Edmund prit délicatement la poche de sang dans ses mains rugueuses, comme si c'était un morceau de rubis fragile et fascinant. Son visage s'illumina. De toute évidence, la poche était intacte. Freyja se renfrogna et sa main se resserra sur un bouquet d'herbes : « Il se fiche de savoir si je vais bien… ».

* Repose-toi un instant, dit Edmund en s’éloignant vers la chaumière. Cela ne s'est jamais produit auparavant. Rejoins-moi à l’intérieur quand tu auras repris tes esprits. J’ai besoin de ton aide pour une expérience.

* Oui, marmonna Freyja en fixant l'herbe, le ventre lourd.

Il s’arrêta sur le seuil de la porte, l’ouvrit, resta immobile un moment, comme s’il réfléchissait, puis, sans se retourner, il dit d’une voix parfaitement neutre :

* Au fait, Joyeux anniversaire.

Freyja fut stupéfiée.

* C’est mon anniversaire, aujourd’hui ? Sérieusement ?

Il n’y avait ni joie ni surprise dans ses paroles. Elle était simplement choquée. Choquée de la gravité de la situation.
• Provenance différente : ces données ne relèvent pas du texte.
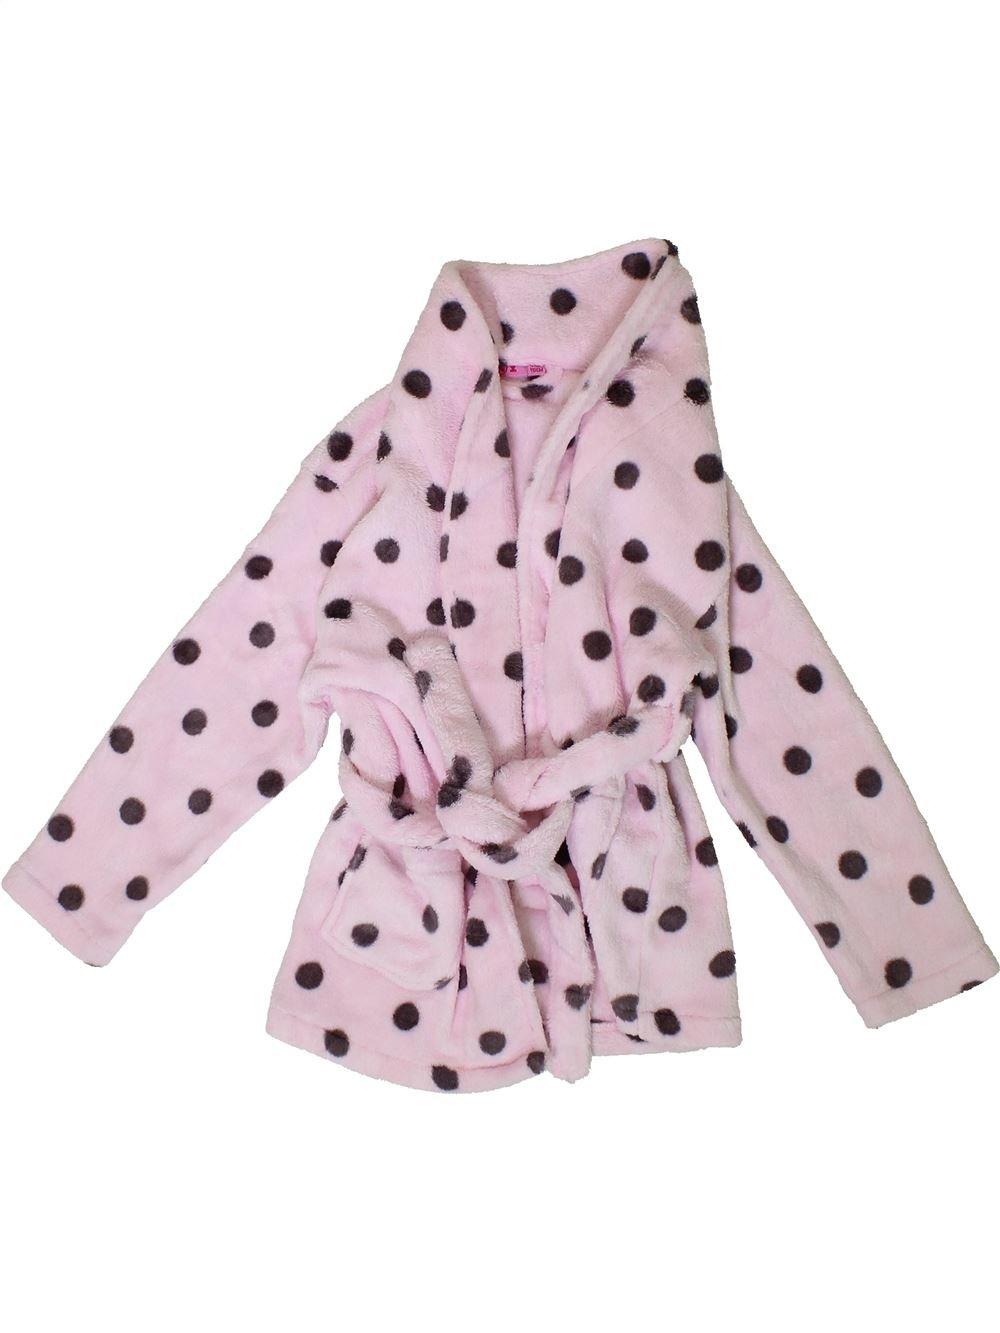 Robe De Chambre Fille Kiabi 5 Ans Pas Cher 7 39 1368052

Aujourd’hui elle avait dix-neuf printemps et elle était toujours enfermée au sommet de cette falaise !

Ses journées se ressemblaient tellement qu’elle avait fini par perdre le fil du temps. Elle n'avait du temps à tuer qu'en lisant et rêvant toute seule sur sa falaise. Elle était coupée du monde, loin de tout, et le temps était une dimension inconnue qui sonnait au rappel comme une horloge une fois de temps à autre, c'est-à-dire, à chacun de ses anniversaires.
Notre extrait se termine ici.